D’autres services semblent consacrer moins de ressources à tirer les leçons de la guerre en Ukraine.
Le centre Curtis E. LeMay de l’armée de l’air, qui développe la doctrine aérienne, ne compte aucun analyste dédié à l’Ukraine, a déclaré un porte-parole en août. Un porte-parole du centre a déclaré que « chaque membre de notre organisation » a travaillé à l’évaluation des leçons tirées de l’Ukraine et a déclaré que le centre avait travaillé avec d’autres organisations sur plus de cinq efforts axés sur l’Ukraine.

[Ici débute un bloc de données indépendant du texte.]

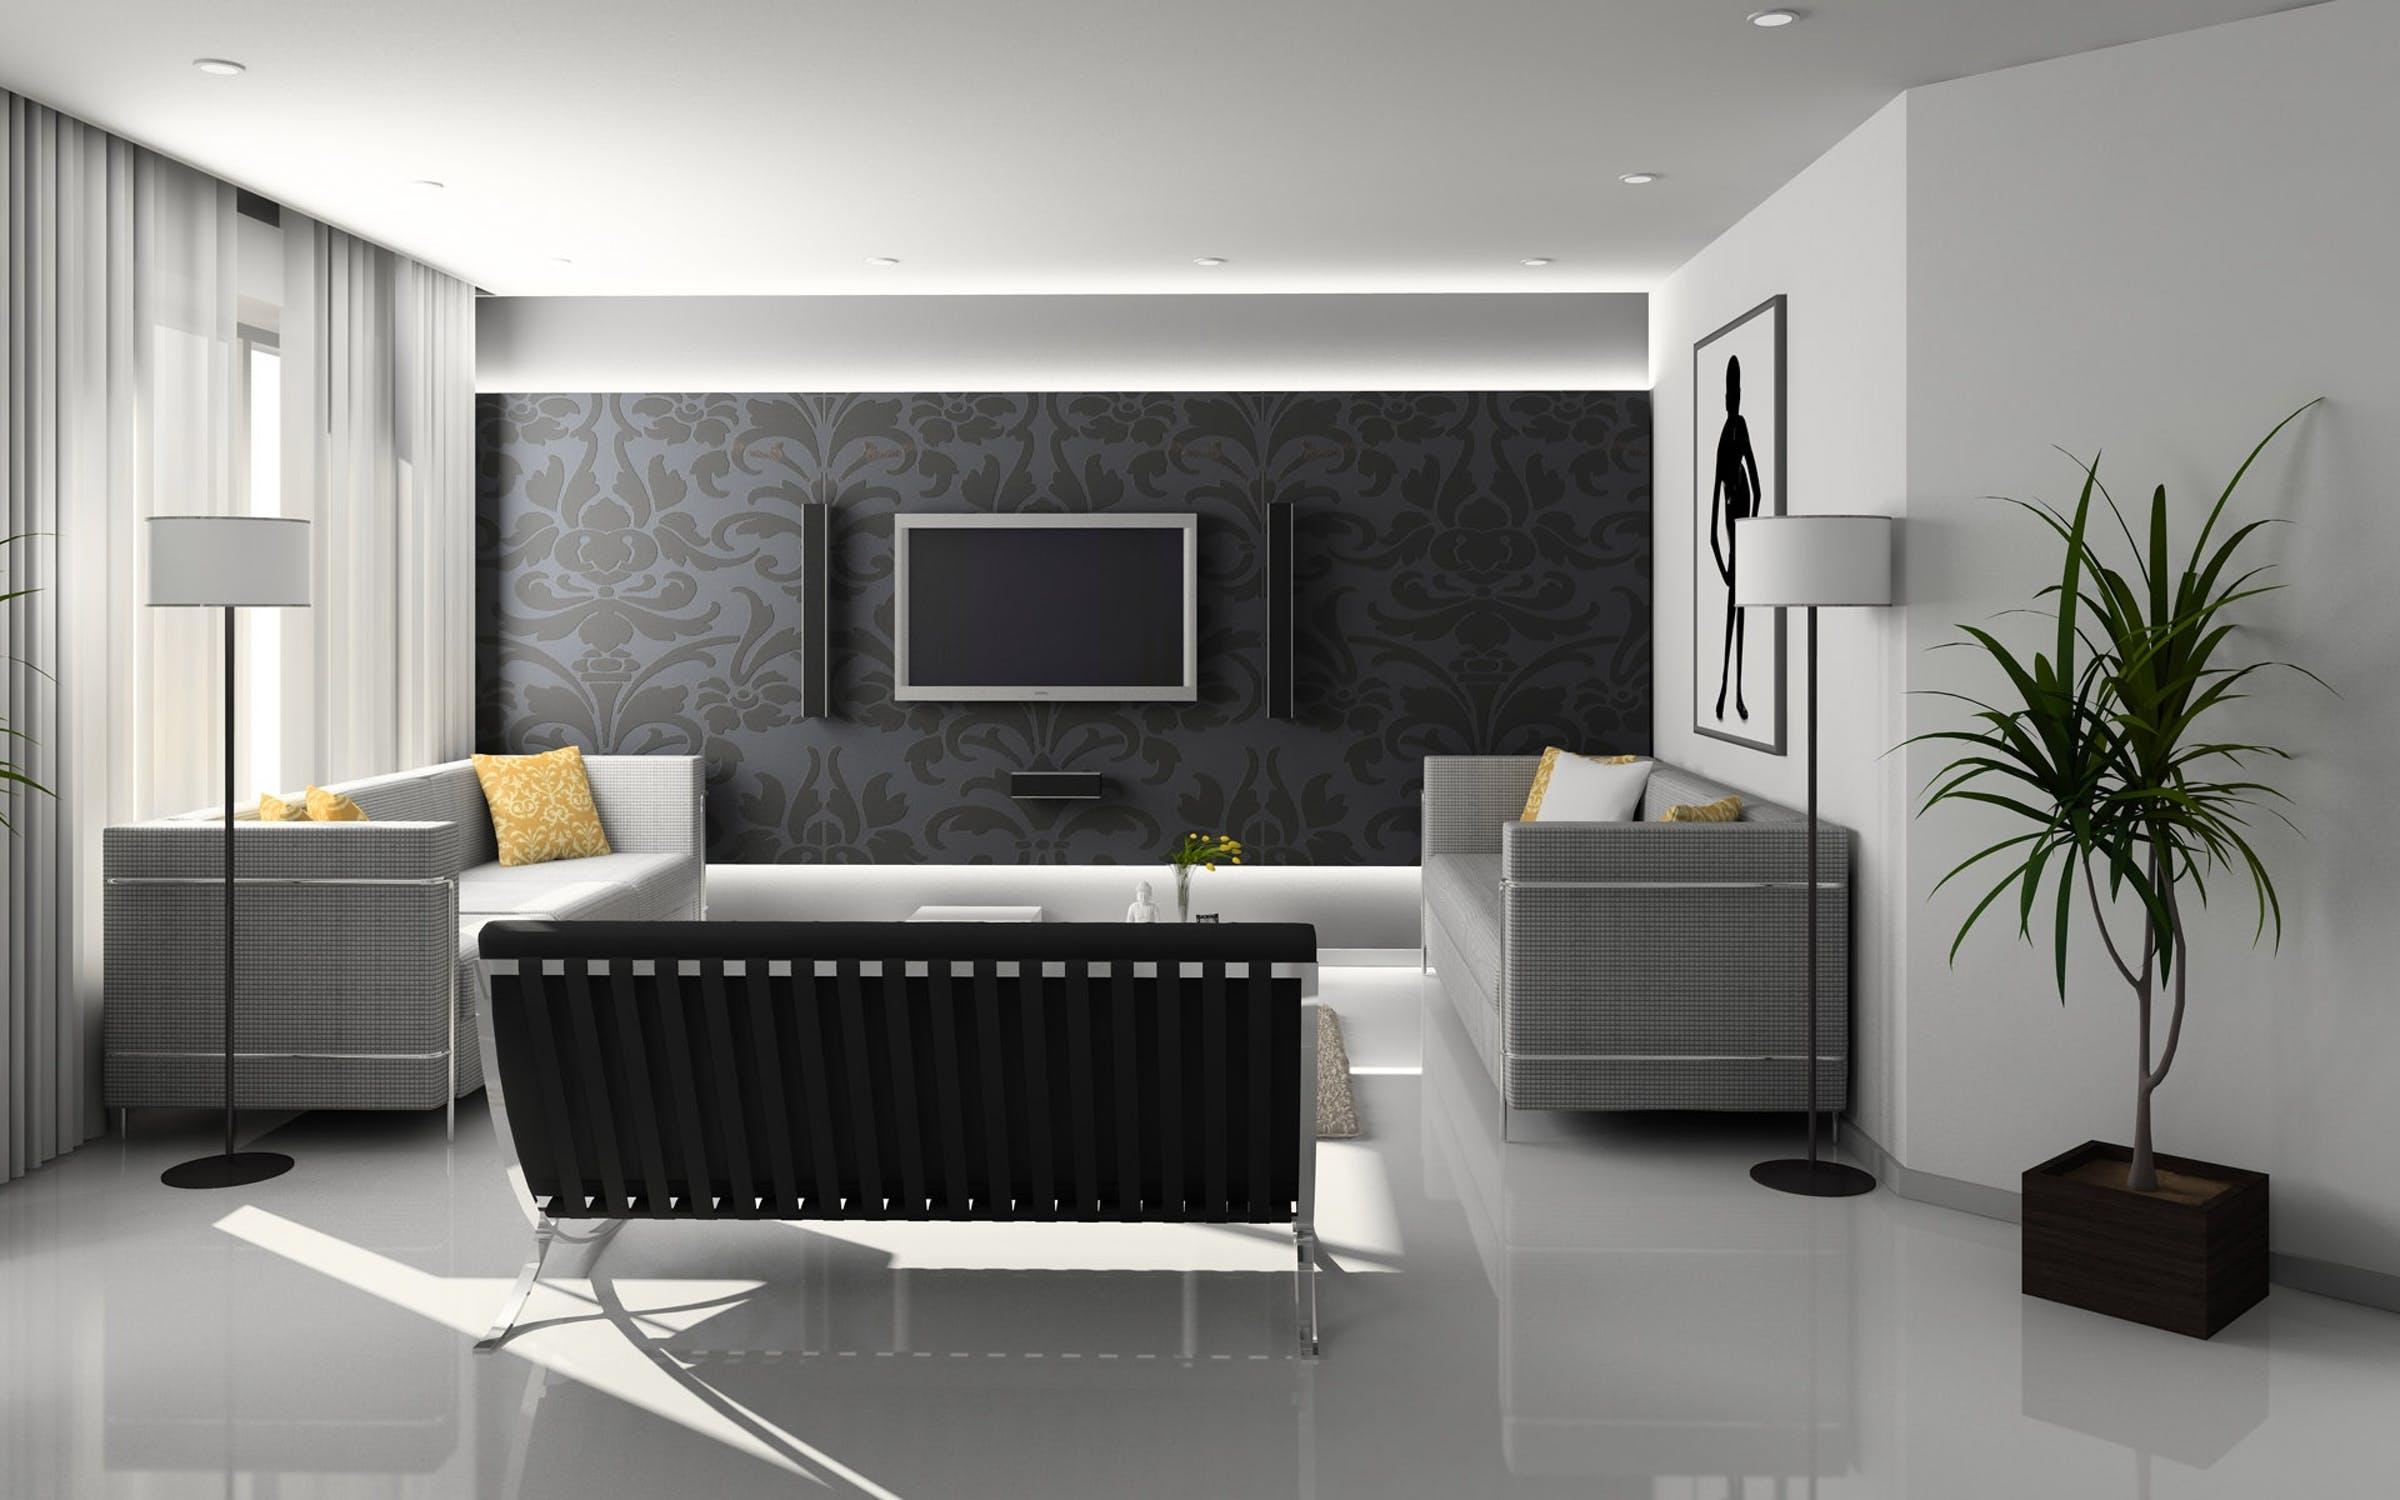 Projetos de automoção residencial

De même, le Corps des Marines ne dispose pas d’un organisme central chargé d’évaluer exclusivement les leçons tirées de l’Ukraine, a déclaré un porte-parole, bien qu’il existe des groupes qui étudient la guerre parallèlement à d’autres sujets. Le Corps a mené quatre efforts de recherche visant à recueillir les enseignements tirés de la guerre et organisera une étude de suivi au cours de l’exercice 2025.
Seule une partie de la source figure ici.